Some 130,000 former victims of Nazi persecution from European countries which were under German occupation during the Second World War attended ceremonies here today for the dedication of a large stone monument at the site of the former Auschwitz concentration camp in memory of the 4,000,000 Jews and other martyrs put to death here.
Prime Minister Josef Cyrankiewicz of Poland, who spoke at the ceremonies, warned of attempts in West Germany to eradicate the memory of Nazi persecution. Another of the principal speakers was Prof. Robert Weitz, president of the International Committee for the Auschwitz Memorial.

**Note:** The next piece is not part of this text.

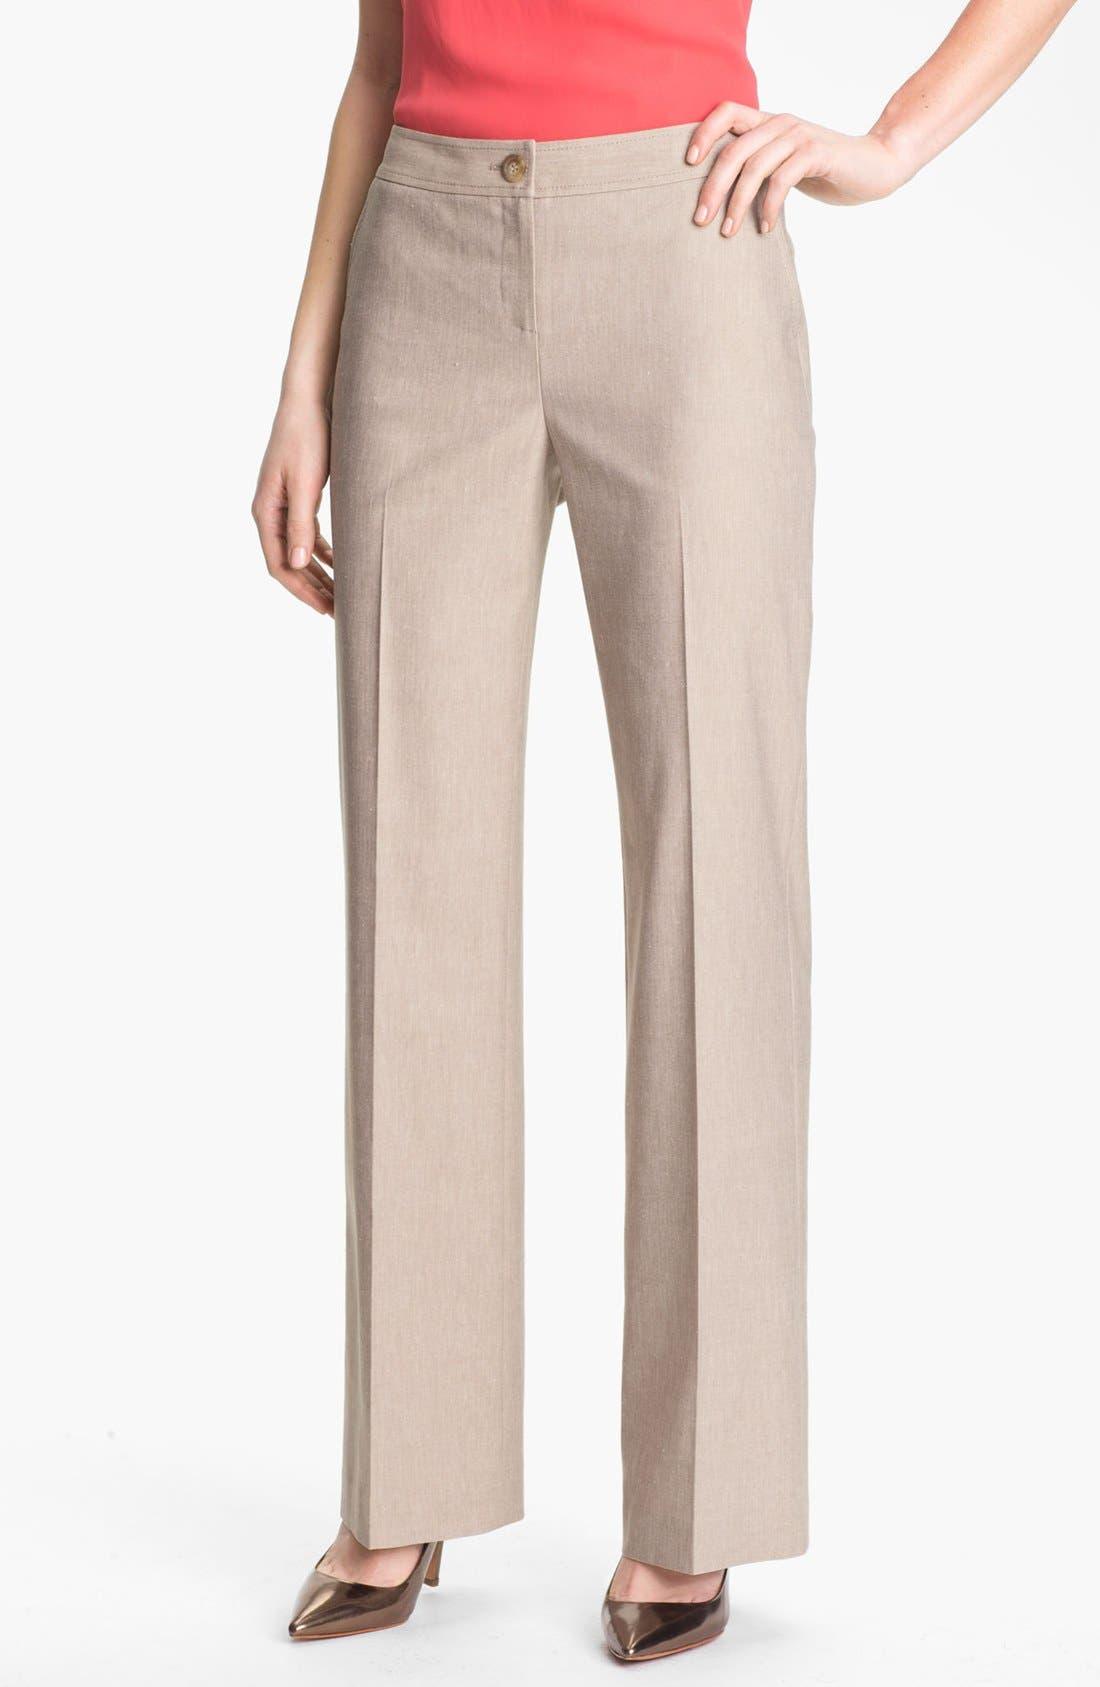 Alternate Image 1 Selected - Halogen® 'Taylor' Herringbone Curvy Fit Pants

Israel was officially represented by Joseph Burg, Minister of Social Welfare.
Seventy other Israelis participated in the ceremonies, having come here especially for this purpose from Israel. Leading the Israeli delegation were S. Grajek, secretary of the Israeli Association of Partisans and Ghetto Fighters; and Chaya Grossman, a leader of Israel’s leftwing Mapam Party, and a heroine of the Jewish revolt in the Bialystok ghetto during the war.
The Israeli group was welcomed warmly by Hirsch Smoliar and Edward Rieber, leaders of the Jewish Social and Cultural Association of Poland. On behalf of Polish Jewry, the association issued a special proclamation, calling for "a mobilization of the whole of humanity to prevent a new world war" and urging "punishment for those war criminals who have this far escaped justice."
In commemoration of today’s event, the Polish Post Office issued several special postage stamps, one of them showing a photograph of the memorial. The $875,000 monument, designed by Polish and Italian artists, is made of granite. White blocks of rock, hewn in the shape of coffins, are spread over a quarter of an acre in the site, symbolizing the millions killed at Auschwitz-Birkenau. In the center rises a structure of granite cubes suggesting the chimneys of the crematoria. An eternal flame will mark the end of the railway line which carried the victims of Nazism to their deaths in the camp.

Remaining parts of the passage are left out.